Generazioni appassionate
Le due generazioni di cuochi si dirigono, così, in cucina. C’è stima, tra i due, e c’è voglia di sperimentare. Pertile, cuoco di talento “self made”, appassionato e appassionante, da Contrada Bertigo con furore, è curioso e aperto al confronto. Munari, giovane, ma non di primo pelo, regala una spinta di innovazione e di freschezza. Insomma, una combinazione perfetta. A raggiungere i nostri cuochi il maître, padrone di casa, Stefano Fracaro, assieme alla cuoca Giovanna che sintetizza tutte le precedenti azioni e imbandisce una tavola DOC e DOP.

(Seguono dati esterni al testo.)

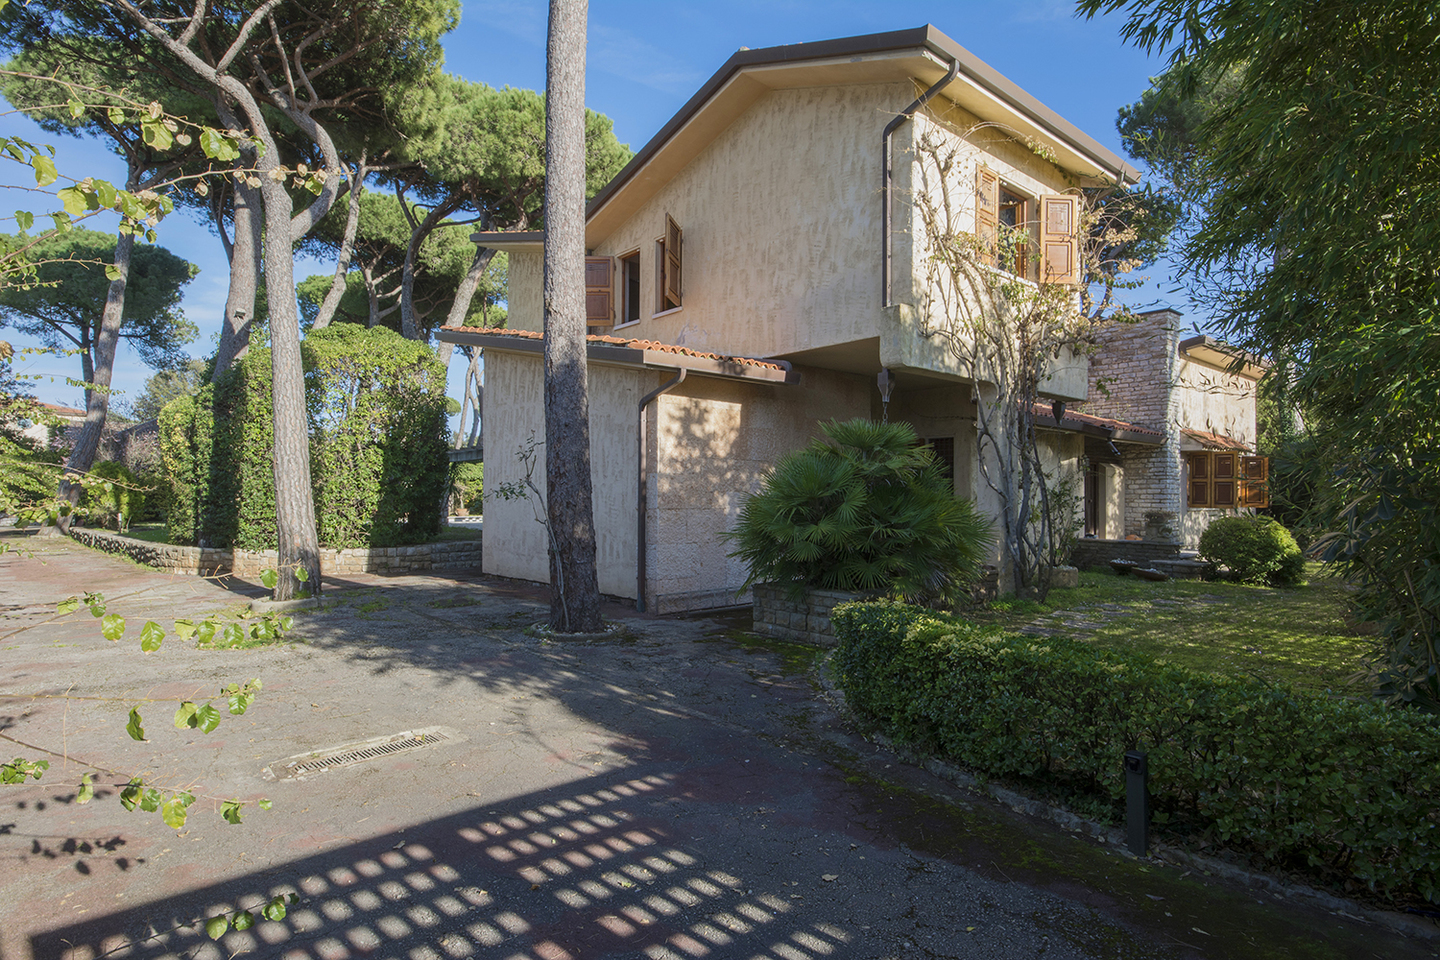 For Sale: Villa Serena On The Tuscan Coast Of Versilia, Forte dei Marmi ...

La perfetta sintesi dell’accoglienza di montagna
Nel locale, che sa di legno di abete e caffè di moka, c’è l’accoglienza della montagna, c’è l’amore per il dettaglio, e c’è la cultura delle tradizioni. Ci sono amore, passione e fantasia, caratteri inconfondibili anche dei nostri ristoratori. Dalla cucina escono ricette della tradizione con specialità dell’Altopiano dei Sette Comuni. I piatti raccontano la storia di tre cuochi, Giorgio Mosele, Gianpaolo Slaviero e Lorenzo Peron, che si sono incontrati nel bosco e si sono diretti dal maître Fracaro con pane, latte, erbette e legna. Raccontano la stagionalità e la genuinità di un menu pensato con saggezza da parte dello stesso maître e da chef Franco Tura. Raccontano di un’attenta selezione della materia prima da parte dei cuochi Domenico Pertile e Gianmarco Munari. E raccontano una cucina di casa, perfettamente rappresentata da cuoca Giovanna. Su questi piatti c’è tutto l’Altopiano dei Sette Comuni.